AIM OF THE TASK: Everything in the data must be repeated exactly, apart from the pictures, which are left out.

GIVEN DATA:
---*---

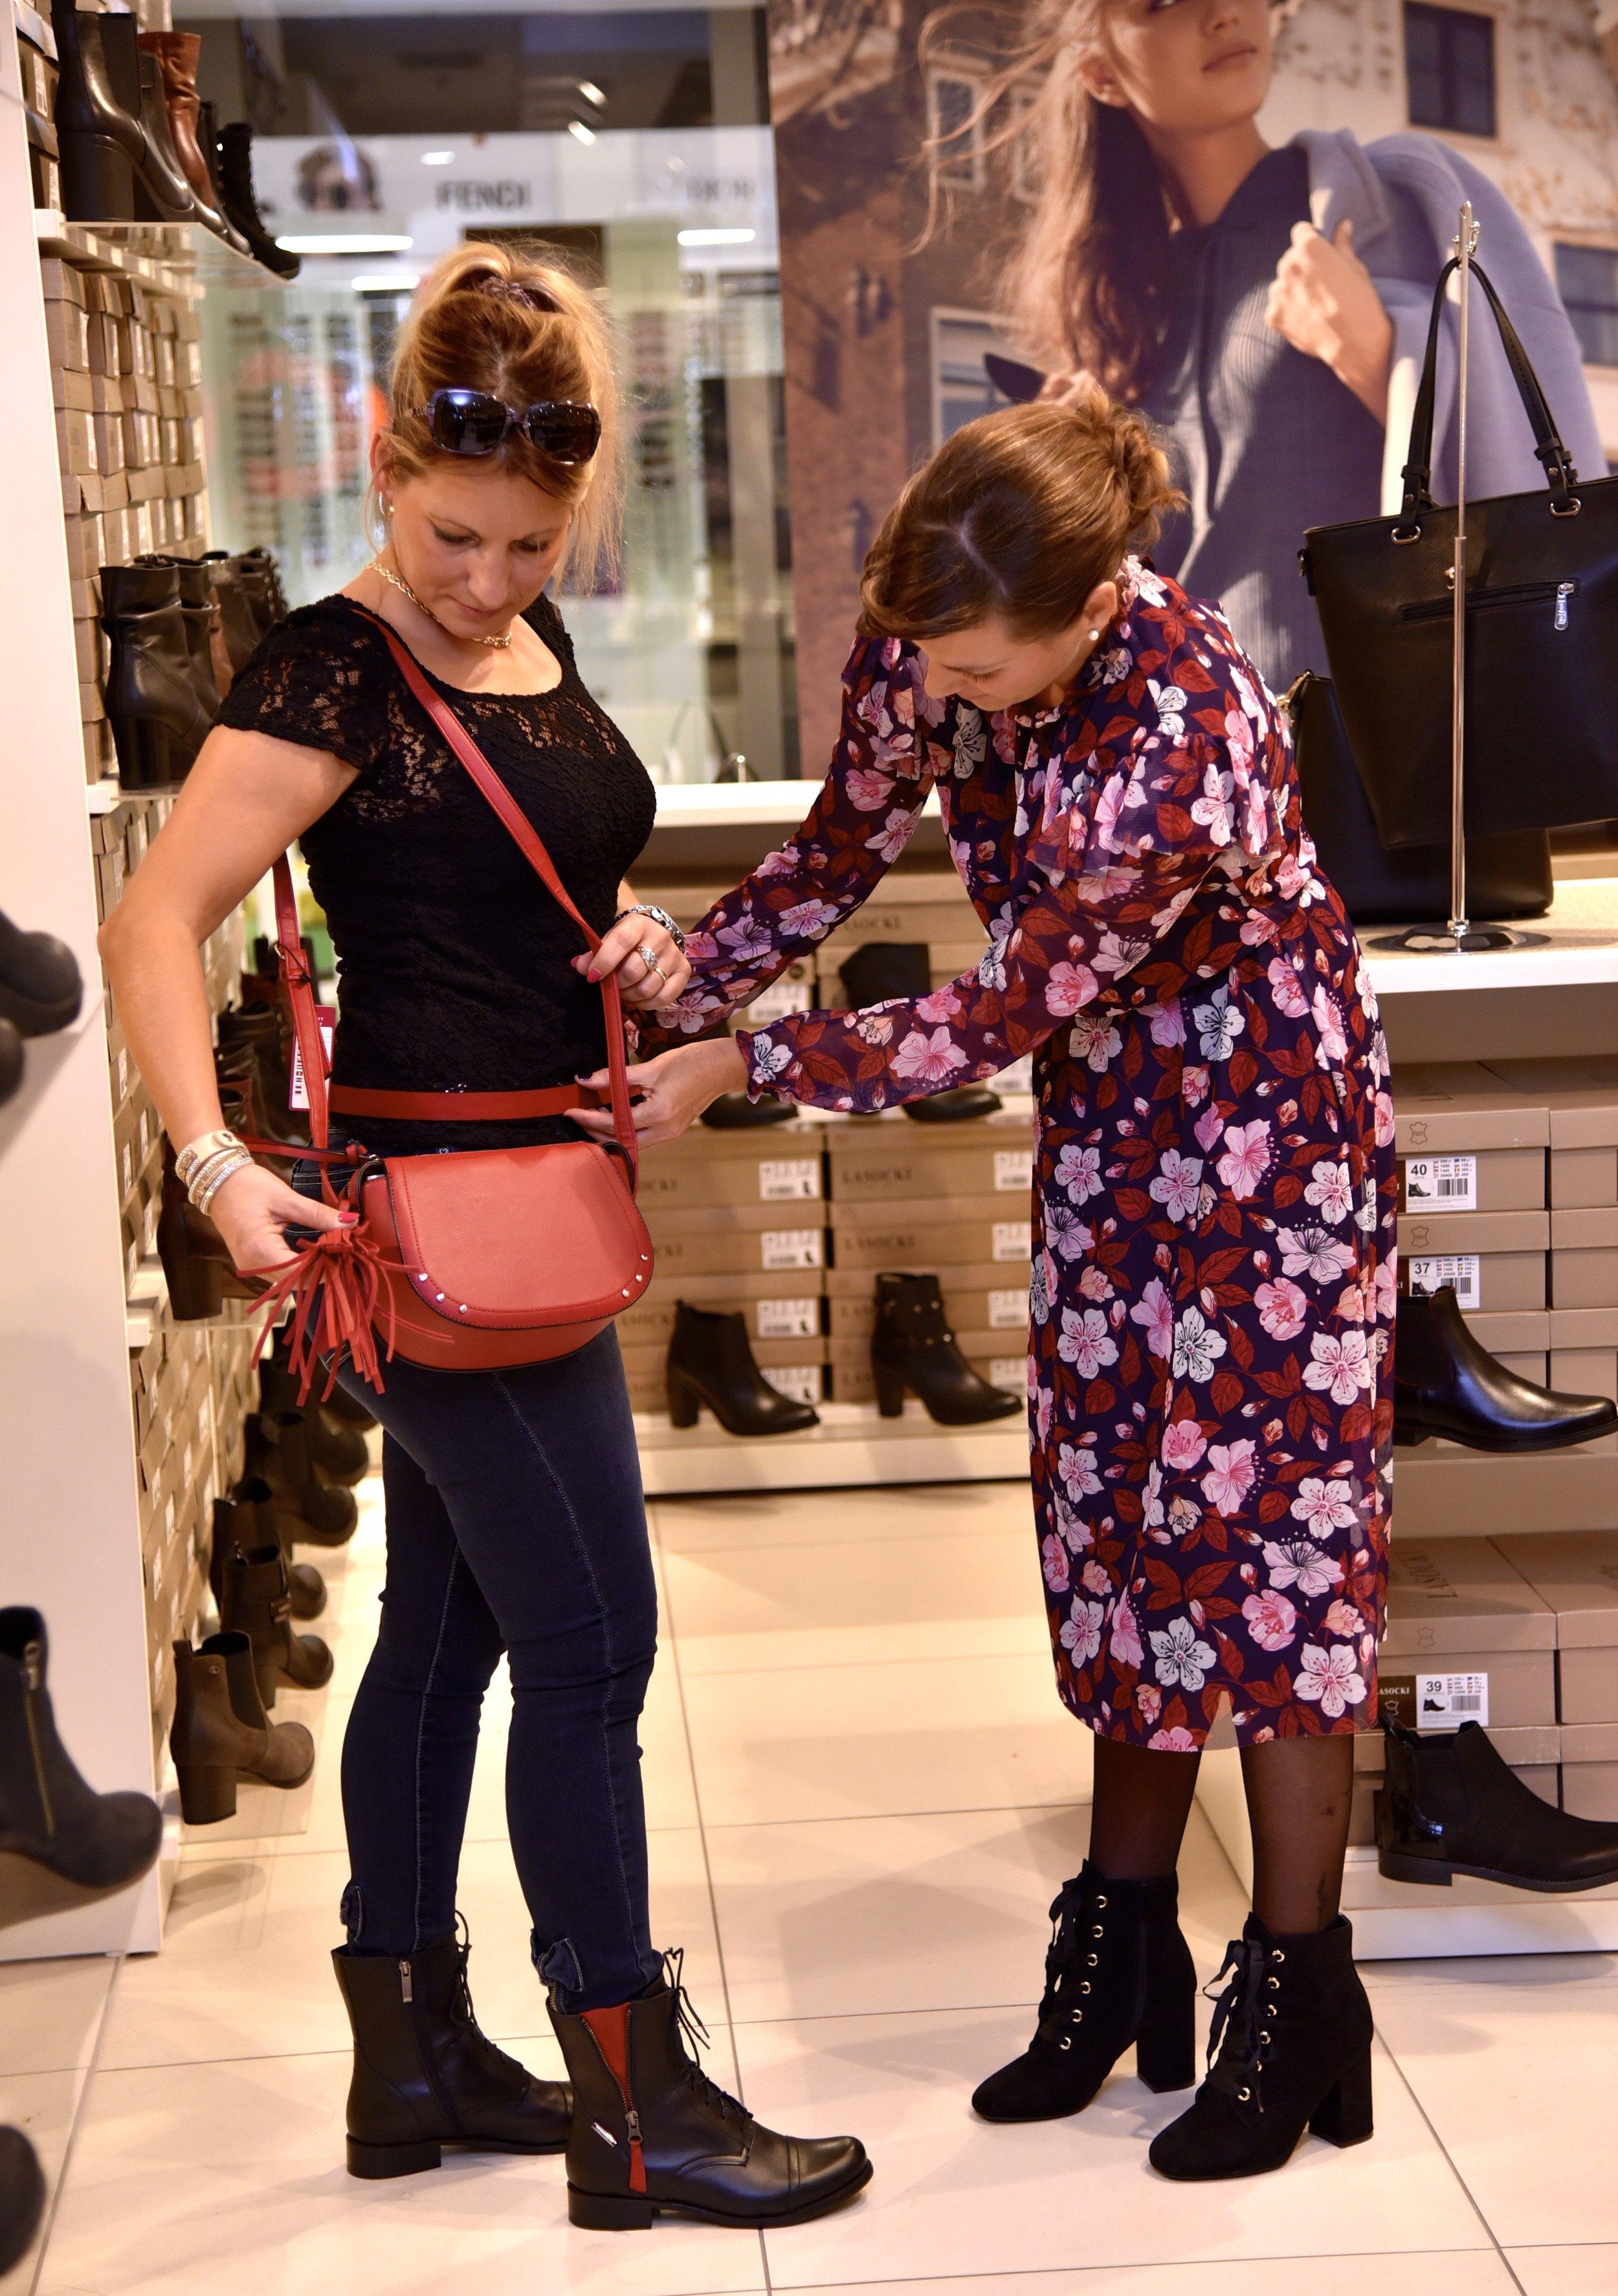 Shoes, bag, belt
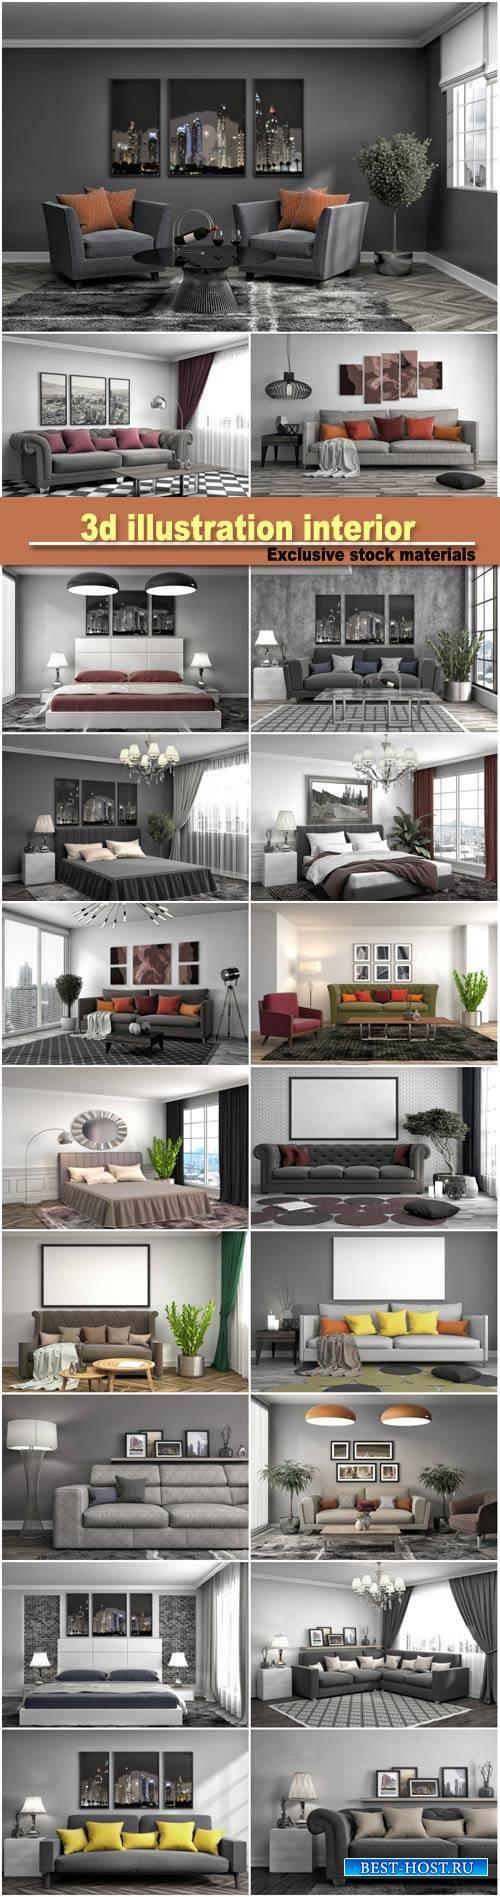 3d illustration bedroom interior, interior with sofa
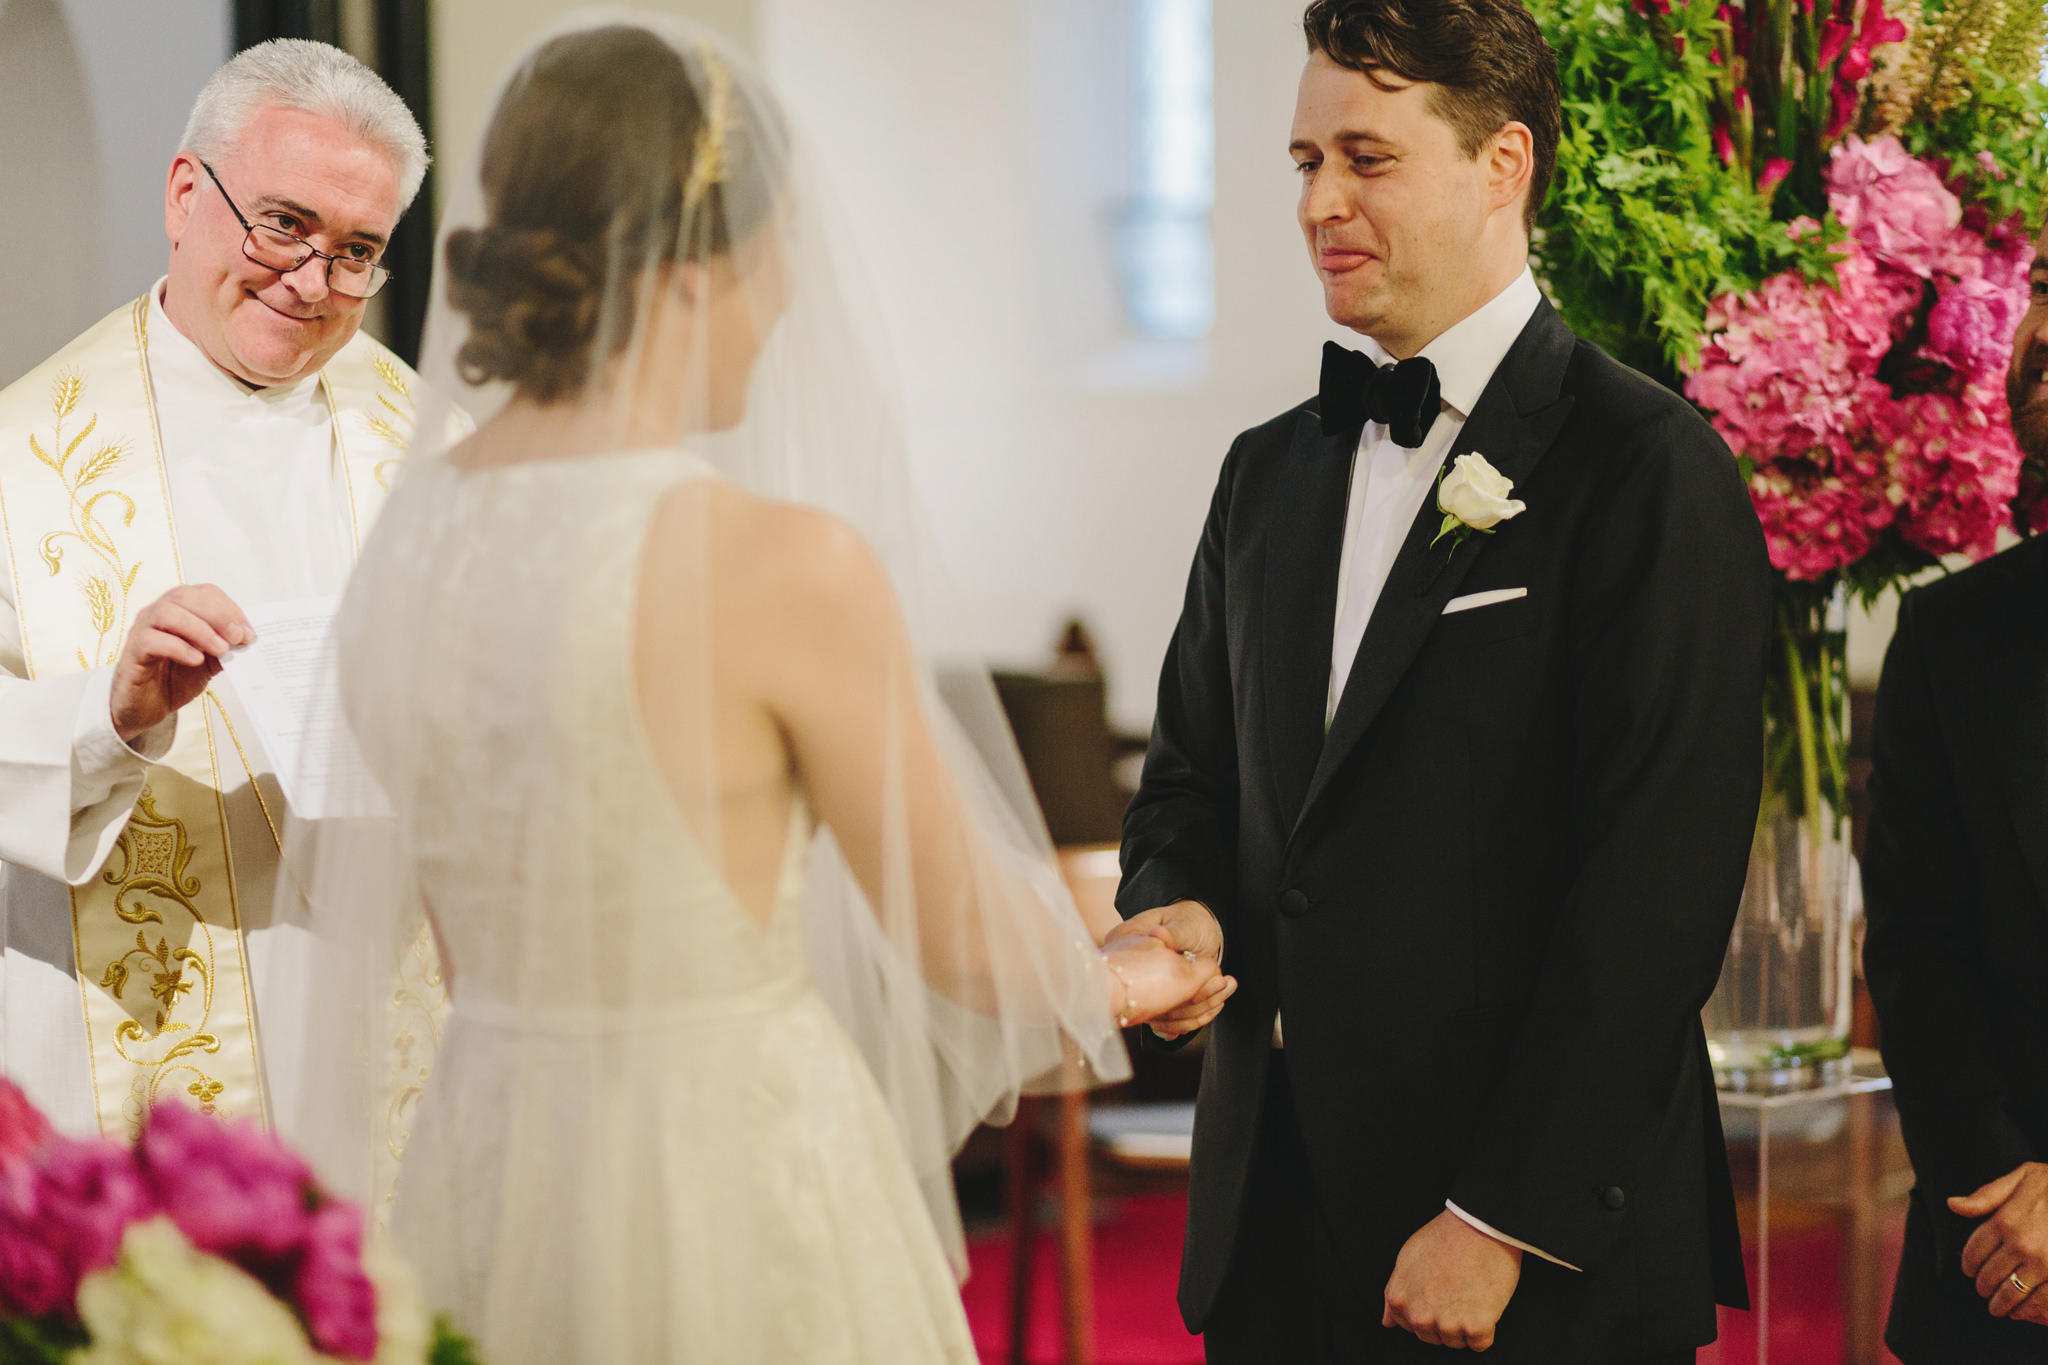 Abbotsford_Convent_Wedding_Peter_Anna057.JPG

---*---

RESULT:
 Shoes, bag, belt
 3d illustration bedroom interior, interior with sofa
 Abbotsford_Convent_Wedding_Peter_Anna057.JPG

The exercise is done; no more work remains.